Темнота над станцией густела, наливалась не только оттого, что надвигалась ночь, но и оттого, что с запада шла, покрывала собой все видимое пространство неба огромная туча. Она плыла молча, без ветра, грозная своей молчаливостью. Лишь когда ее закрайки достигли станции, поднялся бешено ветер и остервенело погнал по дорогам пыль. Где-то сбоку, далеко над лесом, осветился синим светом край неба; минуту спустя оттуда докатился гром. Затем полыхнуло ближе. Огненное дерево с коротким стволом и ветвисто изломанной кроной распороло тучу, с треском сломалось и ухнуло куда-то за горизонт. Воздух прошили первые крупные капли дождя. С каждым новым ударом дождь усиливался, и наконец, словно там, наверху, открыли шлюзы, — хлынул поток и полился на крыши, на поля, на луга и на дороги.

Грозовая ночь… Целую неделю копилось в воздухе электричество, и теперь молнии распарывали небо, будто с треском рвали там, в вышине, полосовое железо. В такую ночь в деревне ржут беспокойно лошади, прячется все живое, и человек с замиранием сердца ждет новых вспышек фосфорически-яркого света, новых раскатов грома, зажмуривается — подсознательный страх далекого предка бродит у него в крови.

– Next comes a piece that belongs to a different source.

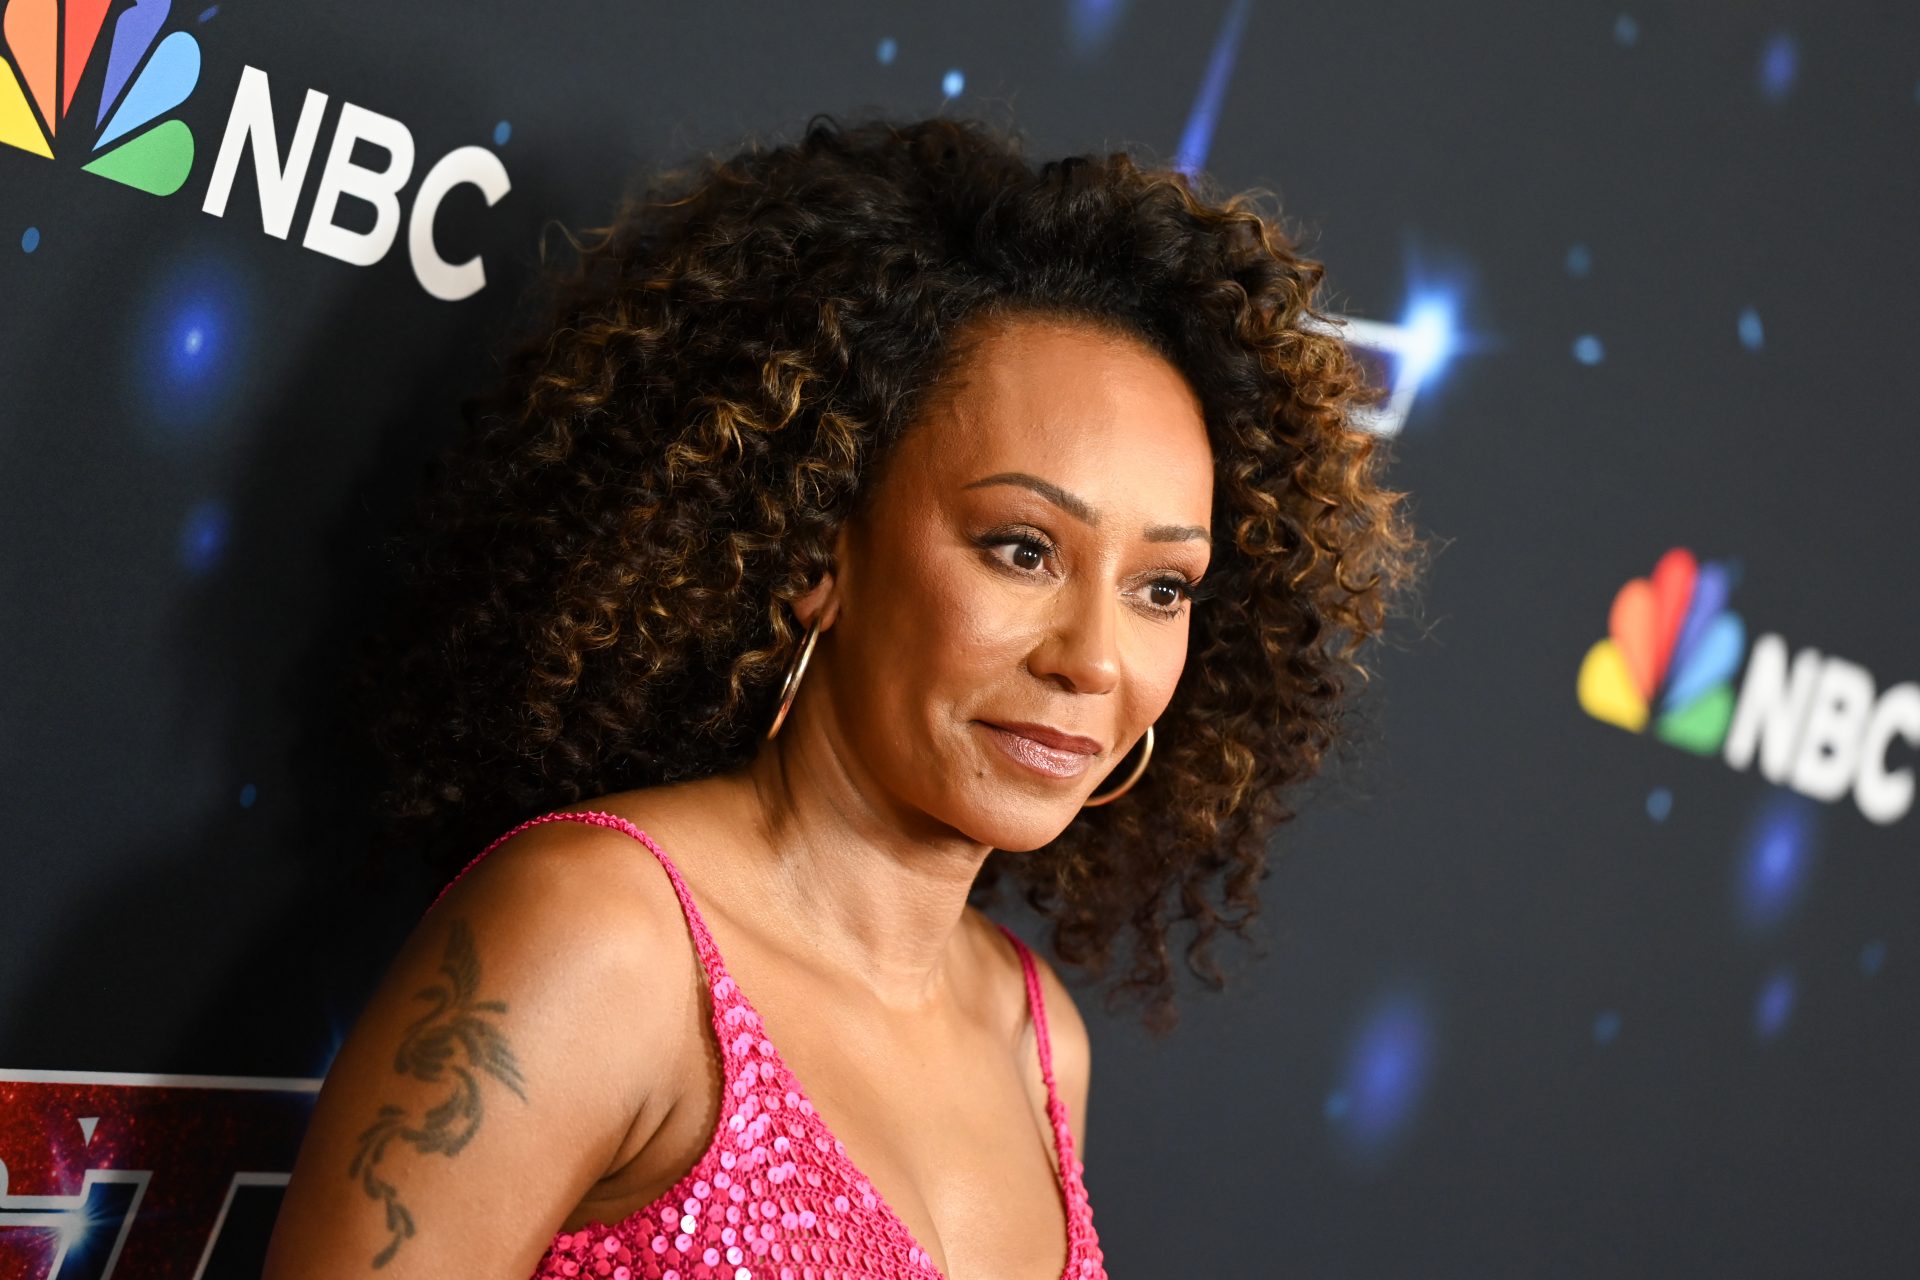 Spice Girl Mel B reveals the hell she experienced with her ex-husband

В доме Аверьянова никто не спал. Павел Лукич ходил по кабинету, останавливался возле окон. Люстру он не зажигал. Слабый ночничок горел возле кровати. В кабинете почти темно. Вспышки грозы освещали темные стекла окон, струи дождя на них, черные крестовины рам. В такие моменты Павел Лукич видел луг, поле, лес… Низко, казалось, над самой крышей, треснул гром. Почудилось, что с крыши посыпались осколки и его ударило по голове. Оглушенный, он присел на кровать и долго сидел, не пытаясь подняться.

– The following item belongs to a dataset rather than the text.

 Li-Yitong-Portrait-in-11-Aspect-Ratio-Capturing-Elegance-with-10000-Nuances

В кухне Лукерья крестилась при каждой вспышке и, горбясь, ожидая удара, приговаривала:

— Господи, помилуй, господи, помилуй.

Проходила минута, и опять слышалось, на этот раз с прибавлением:

— Господи, спаси и помилуй.

Виктор лежал у себя в комнате, подложив руки под разгоряченную голову. В душе у него сладко замирало ожидание. Гроза наэлектризовала его. Он с непонятным волнением встречал то синие, то ослепительно белые вспышки света; и казалось странным, что он их предчувствовал, и широко и удивленно открывал каждый раз глаза; ослепленный, в короткий миг видел фантастические картины, которые сменялись глухим черным фоном.

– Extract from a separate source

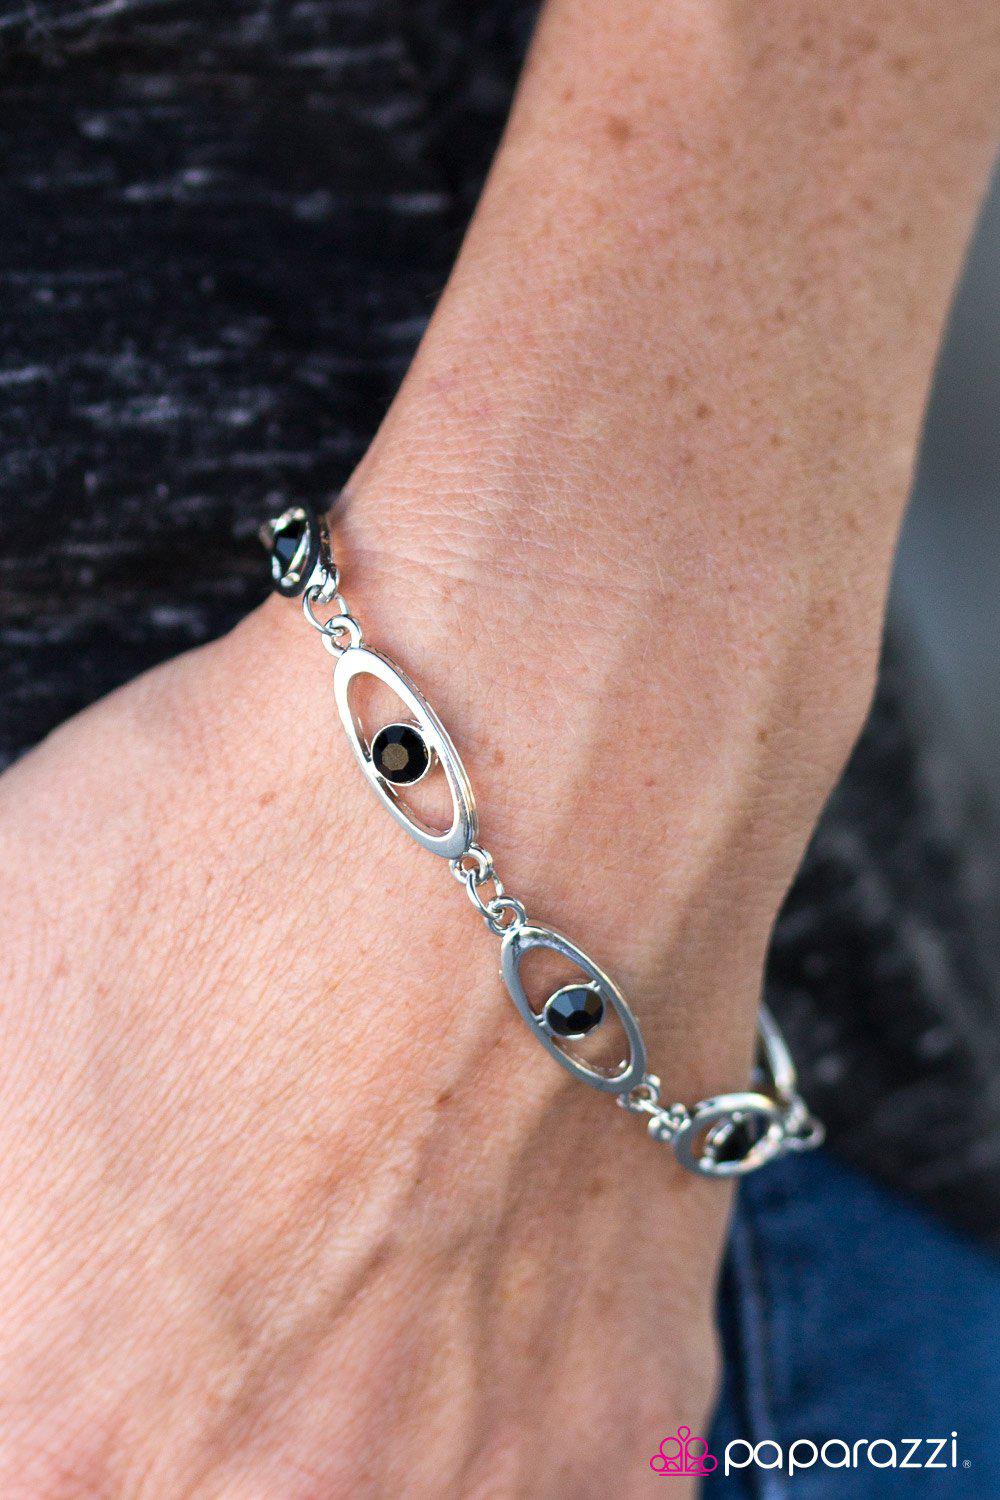 Starry Eyed Silver and Black Bracelet - Paparazzi Accessories-CarasShop.com - $5 Jewelry by Cara Jewels

К утру гроза стала утихать. Всплески света за окнами становились слабей, барабанный шум дождя сменился редкими перестуками капель. Виктор уснул. Притихла и Лукерья. На той половине дома тихо. Последним забылся Павел Лукич. Сколько он спал, не помнил, но вздрогнул от какого-то внутреннего страха и поднял голову… Стояла утренняя послегрозовая тишина. Точно умытый, свежий и чистый, за окнами занимался рассвет. Павел Лукич, весь в холодном поту, открыл глаза, — страх не прошел, остатки увиденного во сне еще таились где-то рядом, но он уж понял, что это был сон, только сон, и понемногу стылость, подкатившая под ложечку и мешавшая дышать, оттаяла, и он вздохнул глубоко. Снилось ему заволакиваемое сумерками небо, поле, пустое и безгласное — без хлебов, без травы, без птиц; голая земля и на горизонте вместо зари провал. Во сне это было страшно: пепельно-темное поле и за ним бездонная, как весной на разлившейся реке мутный омут, воронка. Никогда и нигде в жизни не видывал он такого мертвого поля. Что-то все время сдавливало ему грудь, страх сжал горло, поднял дыбом на голове волосы, хотя ничего опасного, угрожающего жизни в том поле не было, а было только предчувствие смерти.

Потом он увидел, что умер и лежал в тесной домовине. Его подняли на руки и понесли. Покачивалась жесткая домовина, и он в ней покачивался, будто плыл по реке. Торжественное, как в церкви, пение раздавалось приглушенно впереди. «Неужели это и есть смерть?» — подумал он и почувствовал, что его опускают в могилу. Только тут понял он, что умер на самом деле. Как сквозь туман увидел заплаканные лица. Где-то среди них мелькнуло лицо Важенкова. Павел Лукич хотел сказать ему что-то важное, главное, чего не успел сказать при жизни, но тут заработали лопаты, твердые комья земли глухо застучали по крышке домовины, и каждый удар болью отдавался в сердце. Вот когда он почувствовал, что все кончено, и, увидев где-то позади хоронивших его людей лукавую птичью физиономию Сыромятникова, закричал, но голоса не было и никто не услышал его. Тогда он горько заплакал и… проснулся.